Some of the compromise language is amusing in a disheartening way. For instance, the call to reduce fossil fuel subsidies was modified to a call to reduce “inefficient” fossil fuel subsidies, as if “efficient” fossil fuel subsidies would be perfectly acceptable.
Climate Action Tracker, a consortium led by two German nonprofits, released an estimate that the world is currently on track for a 2.7-degree Celsius rise in global temperature—well above the 1.5-degree target set by the UN’s scientific body, the Intergovernmental Panel on Climate Change (IPCC). These numbers do reflect an improvement from the 3.6-degree Celsius estimate that the group produced in 2015, before the singing of the Paris Agreement, but the consequences of a 2.7-degree rise would be severe. A 2018 study indicates that even a 2-degree Celsius rise would lead to far more severe storms, flooding, drought, and heat waves, as well as the destruction of the coral reef and very substantial melting of Arctic Ocean ice.
It is worth remembering too that the world has already experienced a one-degree Celsius increase in global temperatures—leading to the rapid rise in climate-related disasters seen today. The effects are increasingly obvious: this past summer, for example, the Federal Emergency Management Agency (FEMA) estimates that 32 percent of Americans lived in a state or county that was declared a disaster area.
Of course, international conferences are hardly likely to lead on climate justice. The UN secretary general himself called for a “climate action army” of “young people, Indigenous communities, women leaders” to spur more transformational change. And no one—least of all fossil fuel divestment activists themselves—believe that fossil fuel divestment alone will break the political logjam. It is one tactic, albeit an effective one, within a much broader climate justice movement.

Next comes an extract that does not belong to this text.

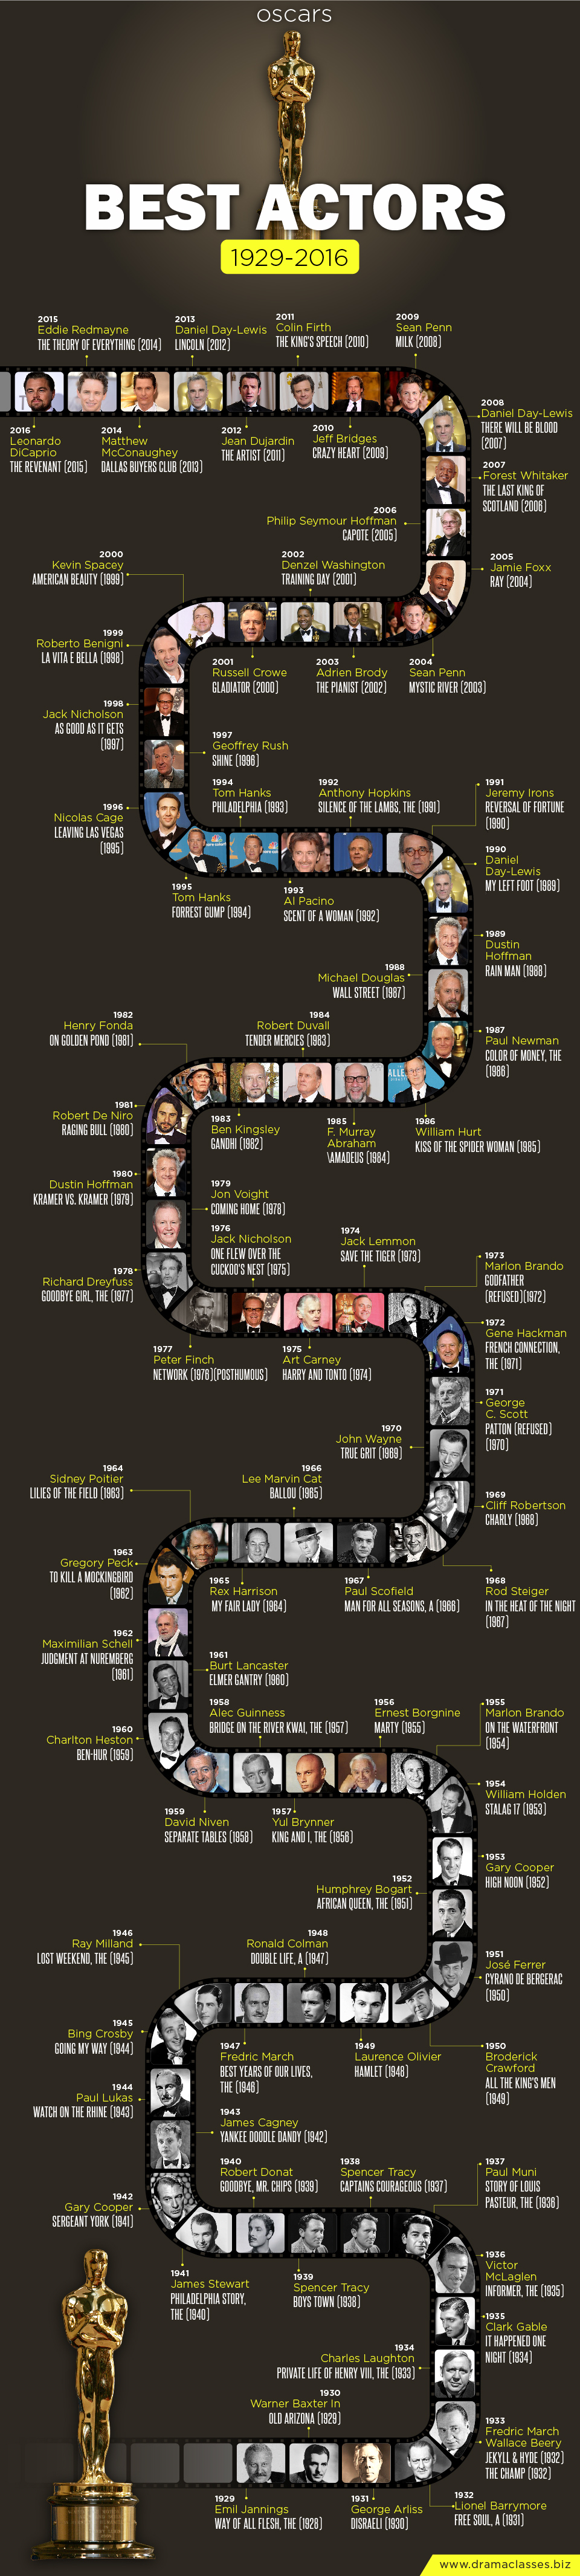 Best Actor Oscars 1929-2016

The Invest-Divest report itself calls for institutional investors to invest 10 percent of their assets by 2030 in “renewable energy systems, universal energy access, and a just transition for communities and workers” and promote “net zero” plans for companies in their investment portfolios. It is not surprising that a report on investment focuses on what investors should do. At the same time, the report authors recognize that a broader shift is required, pointing out that, “The transition to a renewable energy economy represents a huge shift in society and, as with all such upheavals, contains within it both the potential for compounding injustice and the opportunity for positive transformational change” (page 25).

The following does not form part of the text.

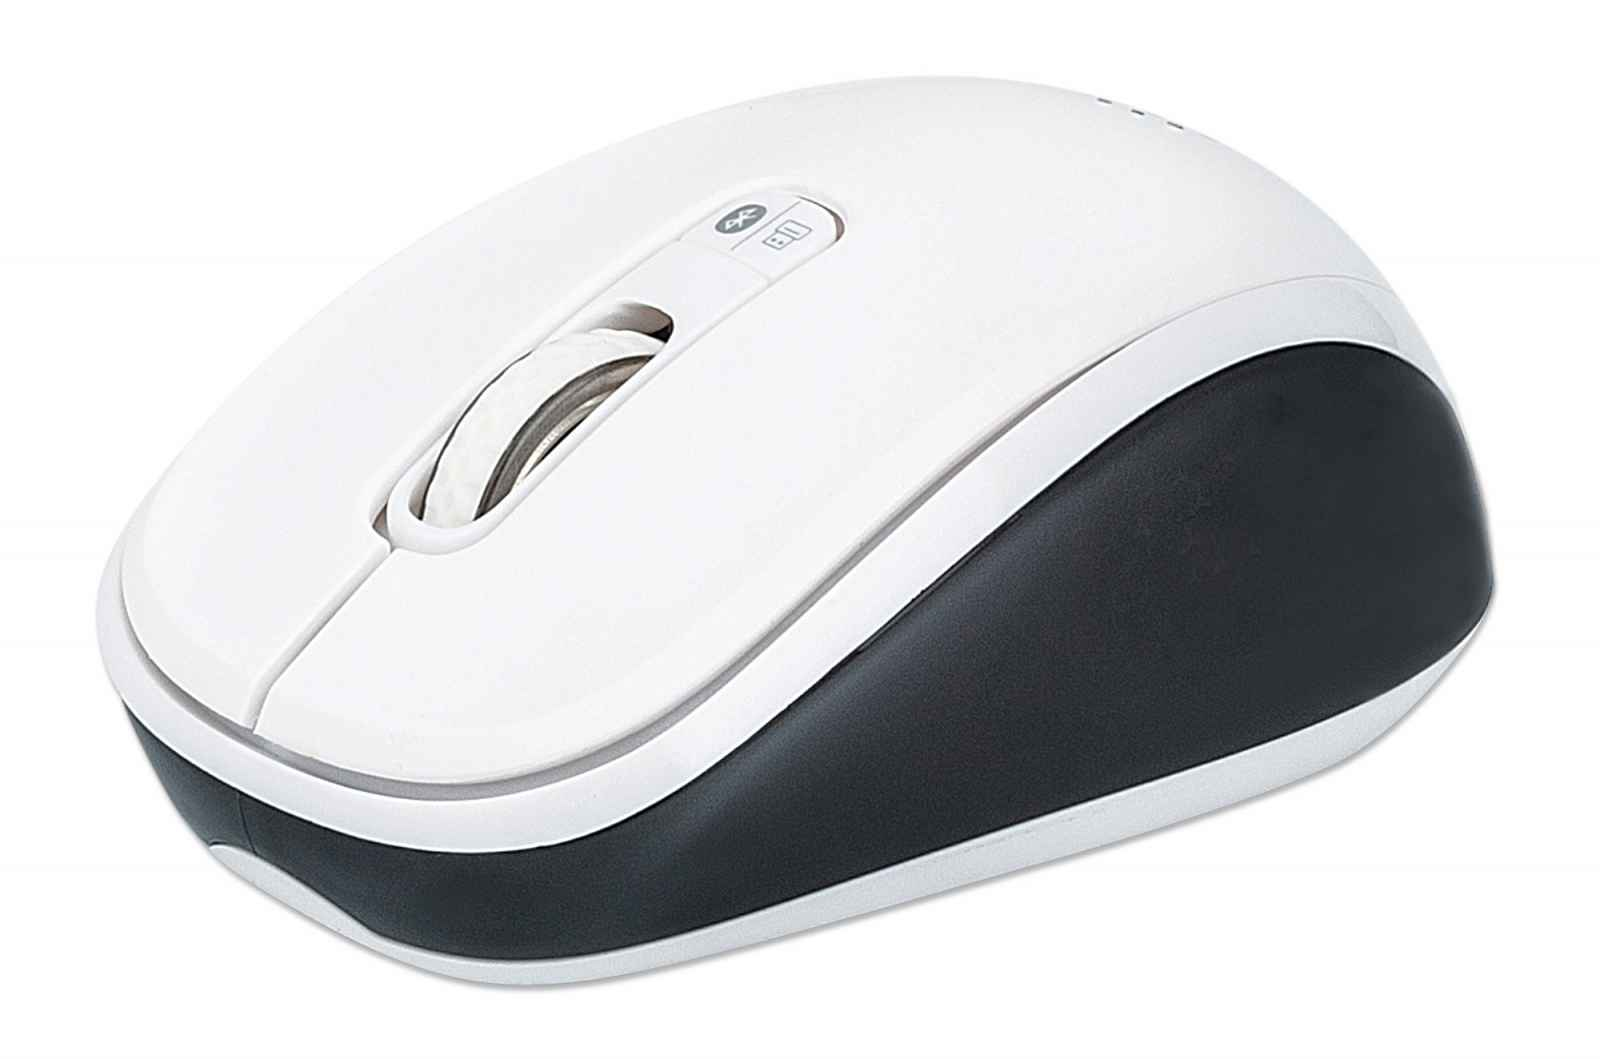 Manhattan Dual-Mode Mouse, Bluetooth 4.0 and 2.4 GHz Wireless, 800/1200/1600 dpi, Three Buttons With Scroll Wheel, Black & White, Three Year Warranty, Box - Maus - optisch - 3 Tasten - kabellos - 2.4 GHz, Bluetooth 4.0 - kabelloser Empfänger (USB)

In short, capital shifts alone are not sufficient, even if impact investors “do the right thing.” Earlier this year, writing in NPQ, Johanna Bozuwa pointed out that a “Green New Deal that doesn’t cut to the heart of racialized capitalism is certain to be inadequate.” Bozuwa is also the coauthor of a report that argues that fully breaking the veto power of fossil fuel companies over transitioning to an economy that supports climate justice may require the federal government to acquire fossil fuel companies outright, to wind down extraction and thereby force a transition to renewable energy.
Beyond policy, a deeper cultural shift is required as well—a shift that demands what NPQ’s Cyndi Suarez labeled a “global movement for life.” As Ruth Miller, Meda Dewitt, and Margi Dashevsky remind us, drawing on Alaskan Native values and traditions, the broader “goal must be to return to balance in all investments, industries, and sectors—infusing justice and restoration throughout a new economy.”